### WHAT YOU NEED TO DO
If you see a picture in the data below, omit it and copy the rest exactly.

### INFORMATION SHOWN
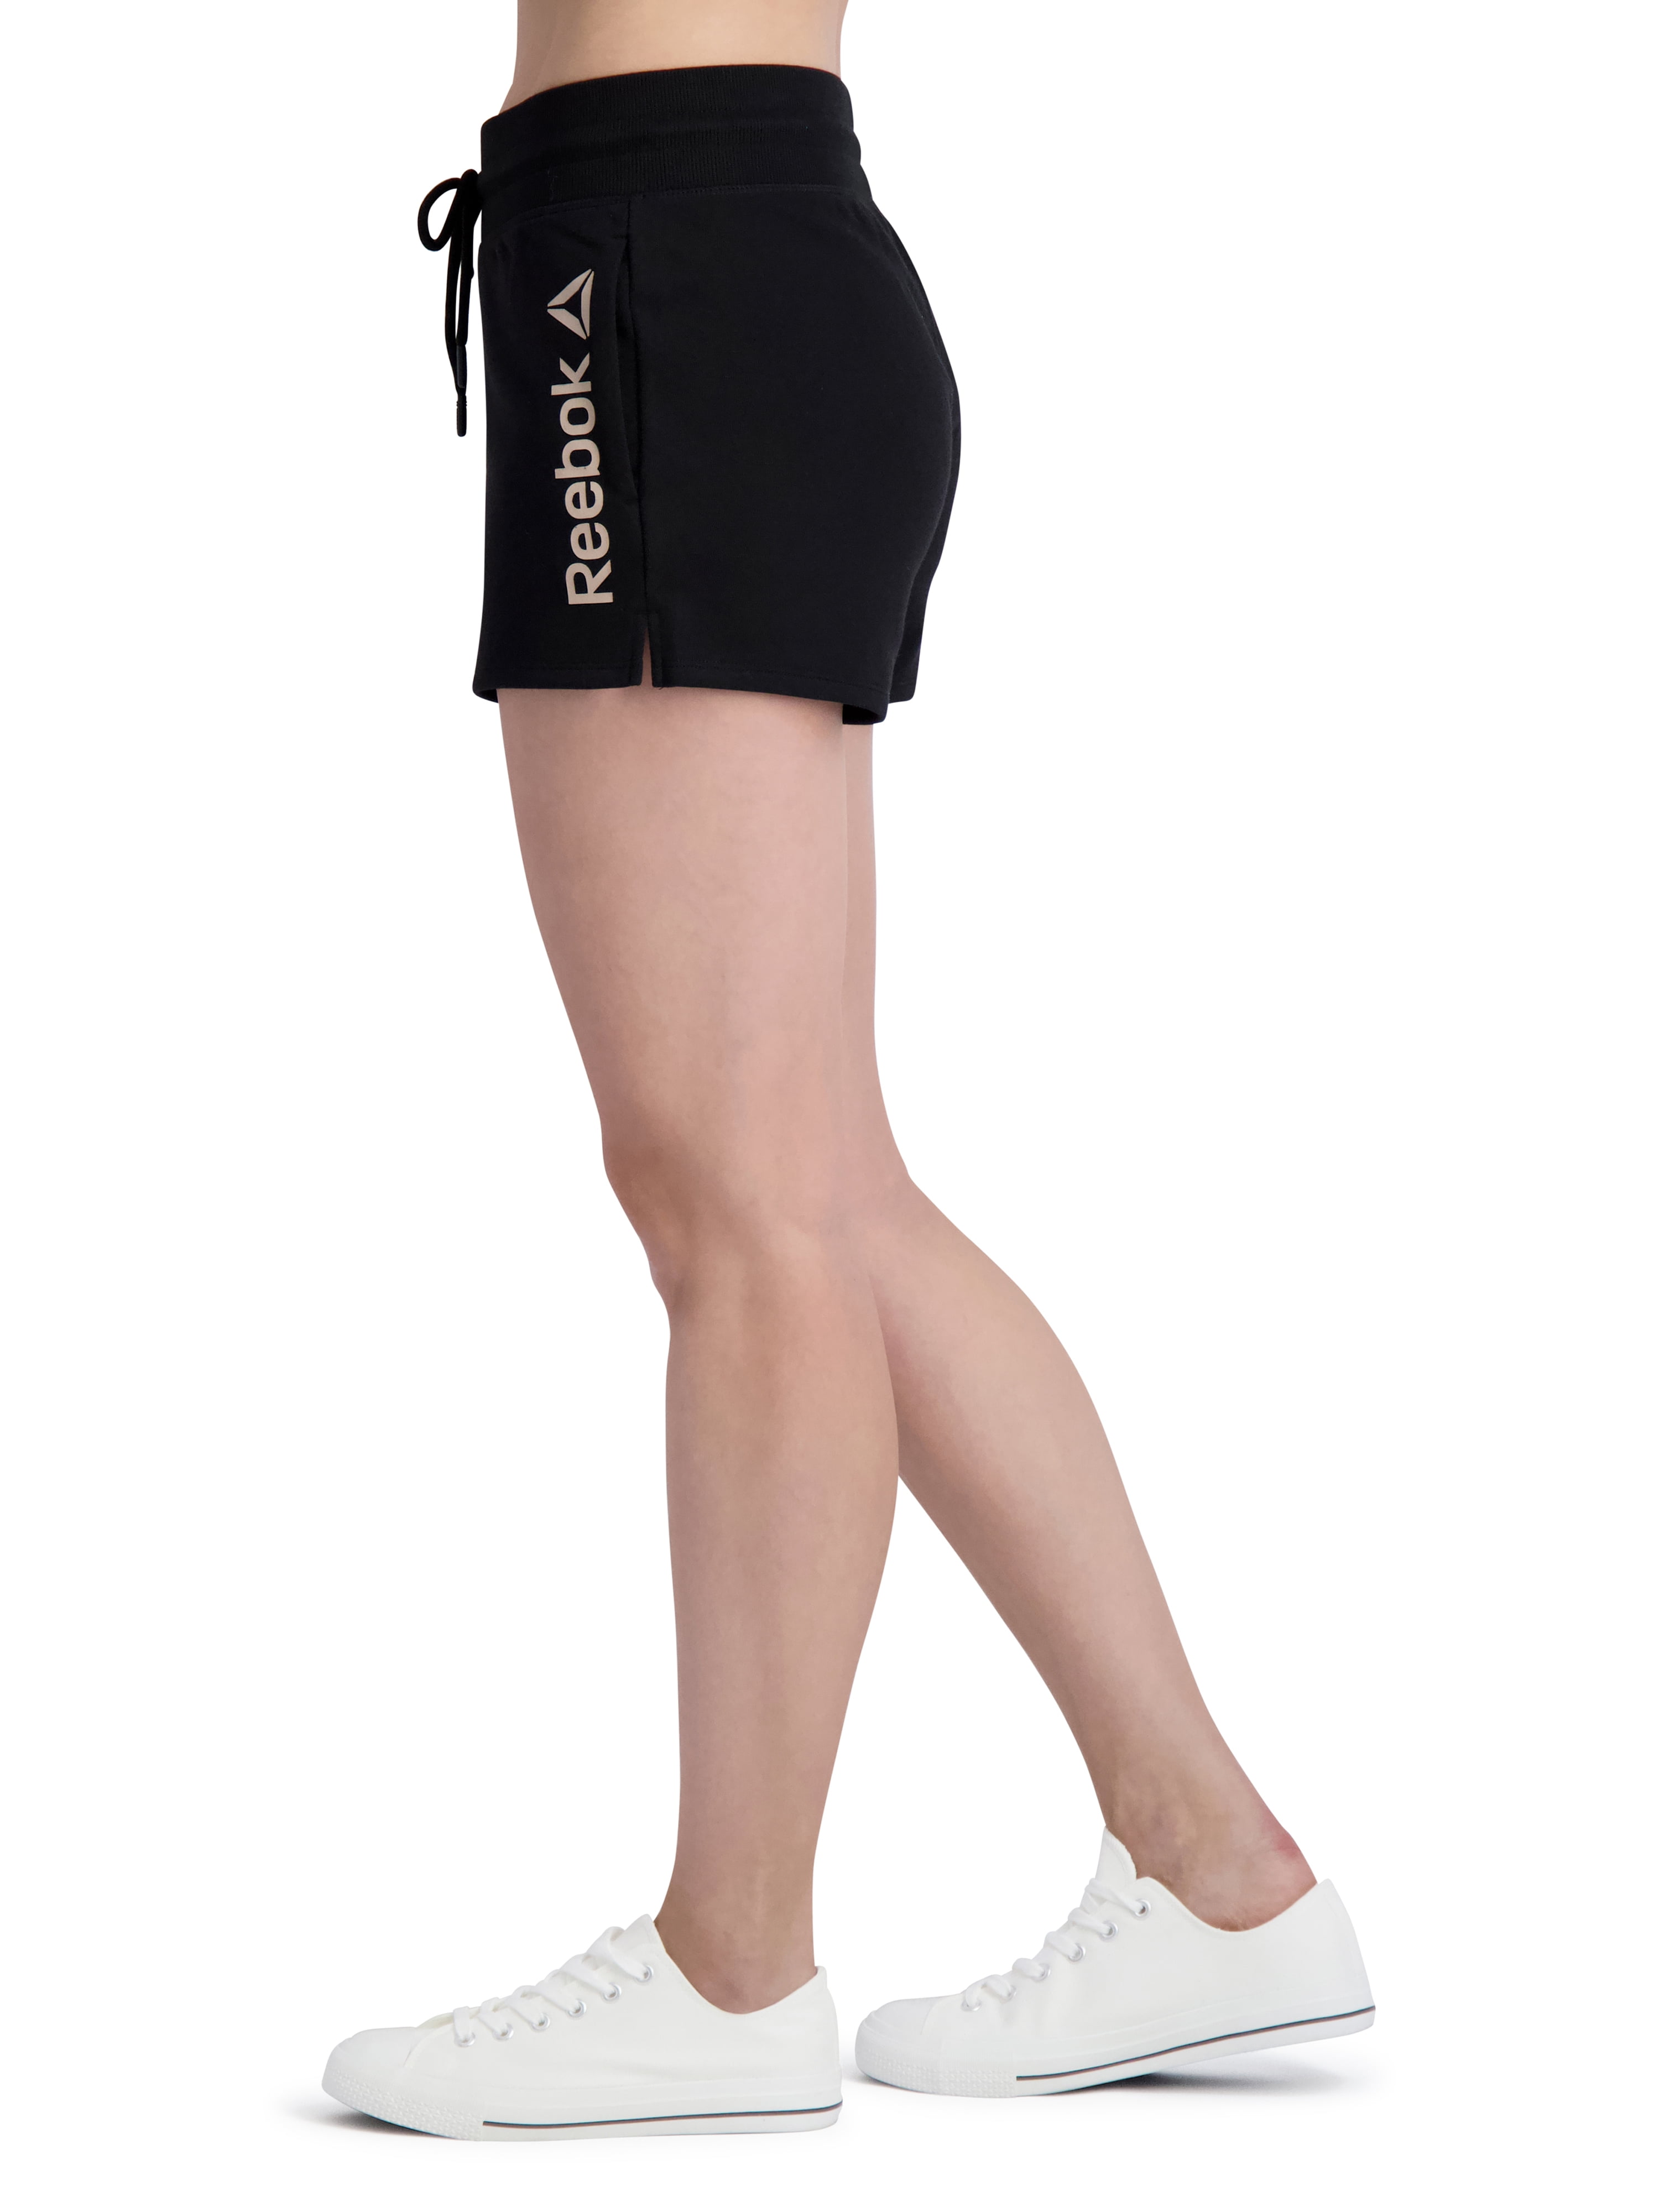 Reebok Women's Level Short with Side Pockets and Back Woven Pocket Walmart.com
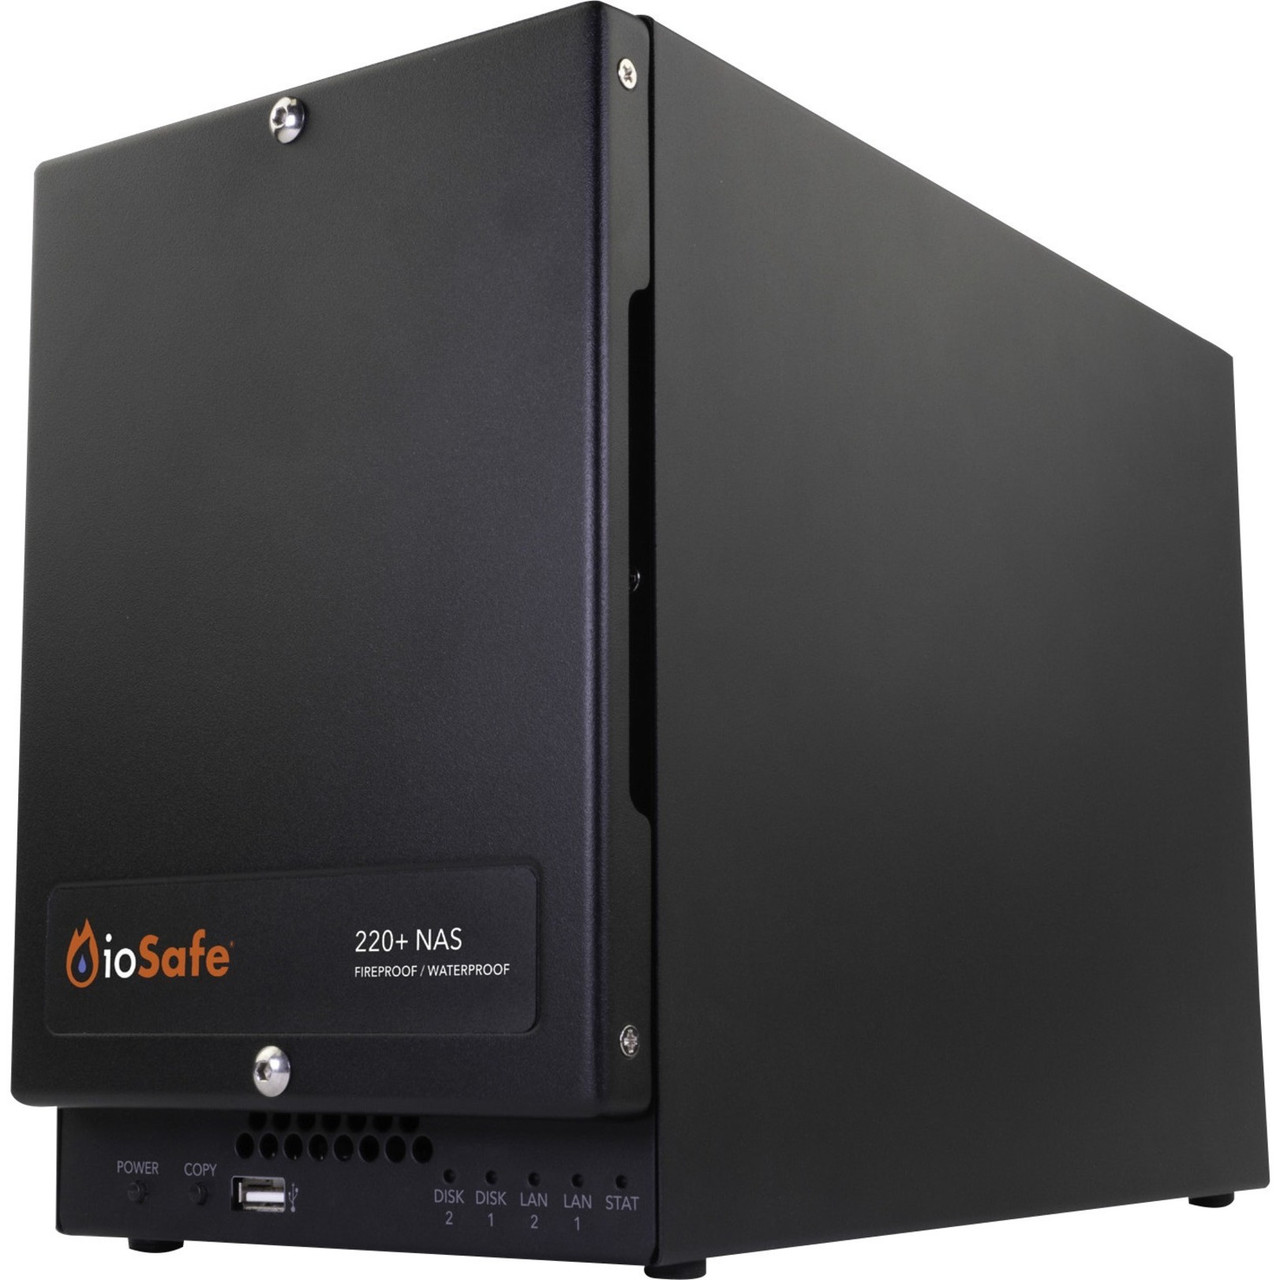 ioSafe 220+ SAN/NAS Storage System - 72200-3842-1200
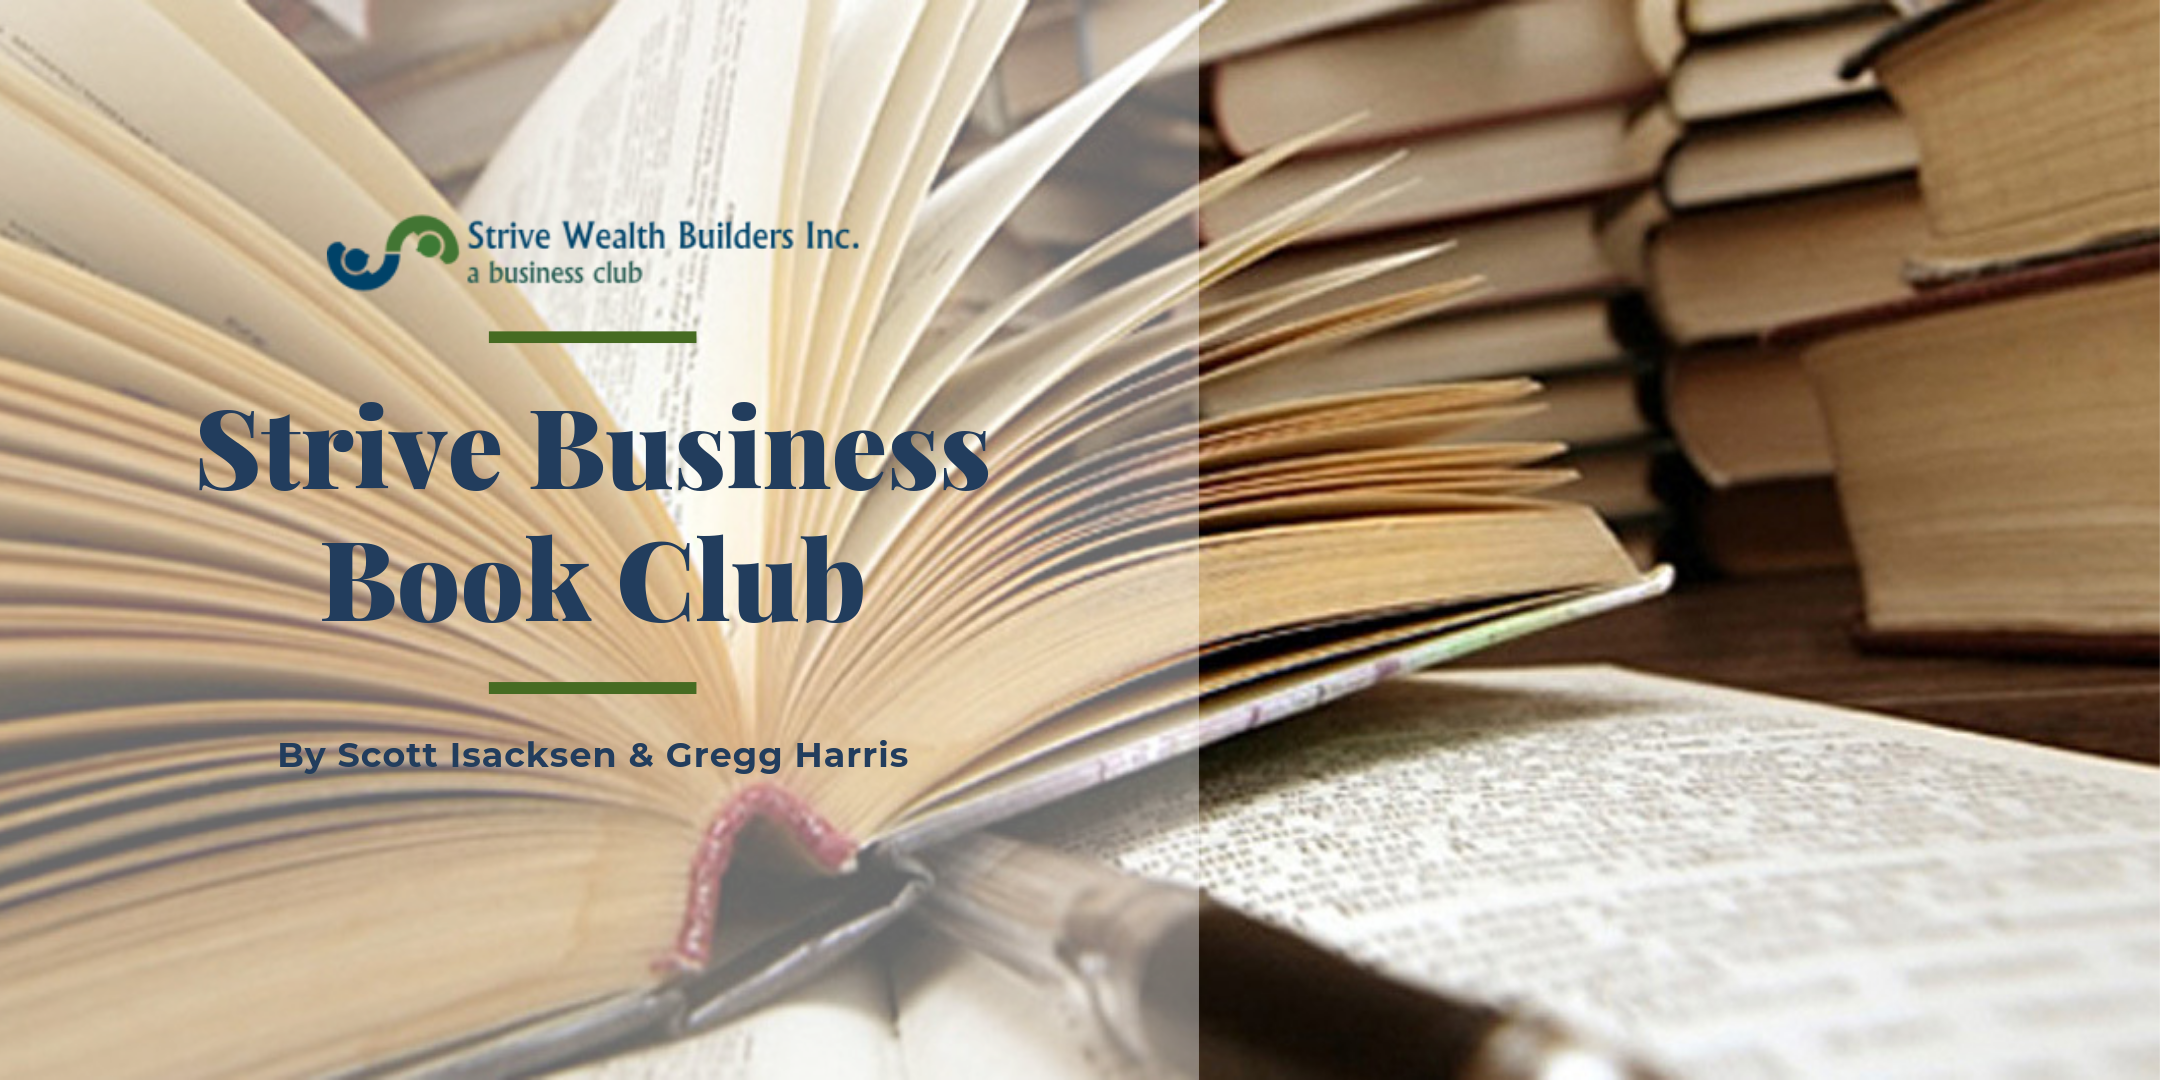 Strive Business Book Club (BBC)

### COMPLETED EXERCISE
 Reebok Women's Level Short with Side Pockets and Back Woven Pocket Walmart.com
 ioSafe 220+ SAN/NAS Storage System - 72200-3842-1200
 Strive Business Book Club (BBC)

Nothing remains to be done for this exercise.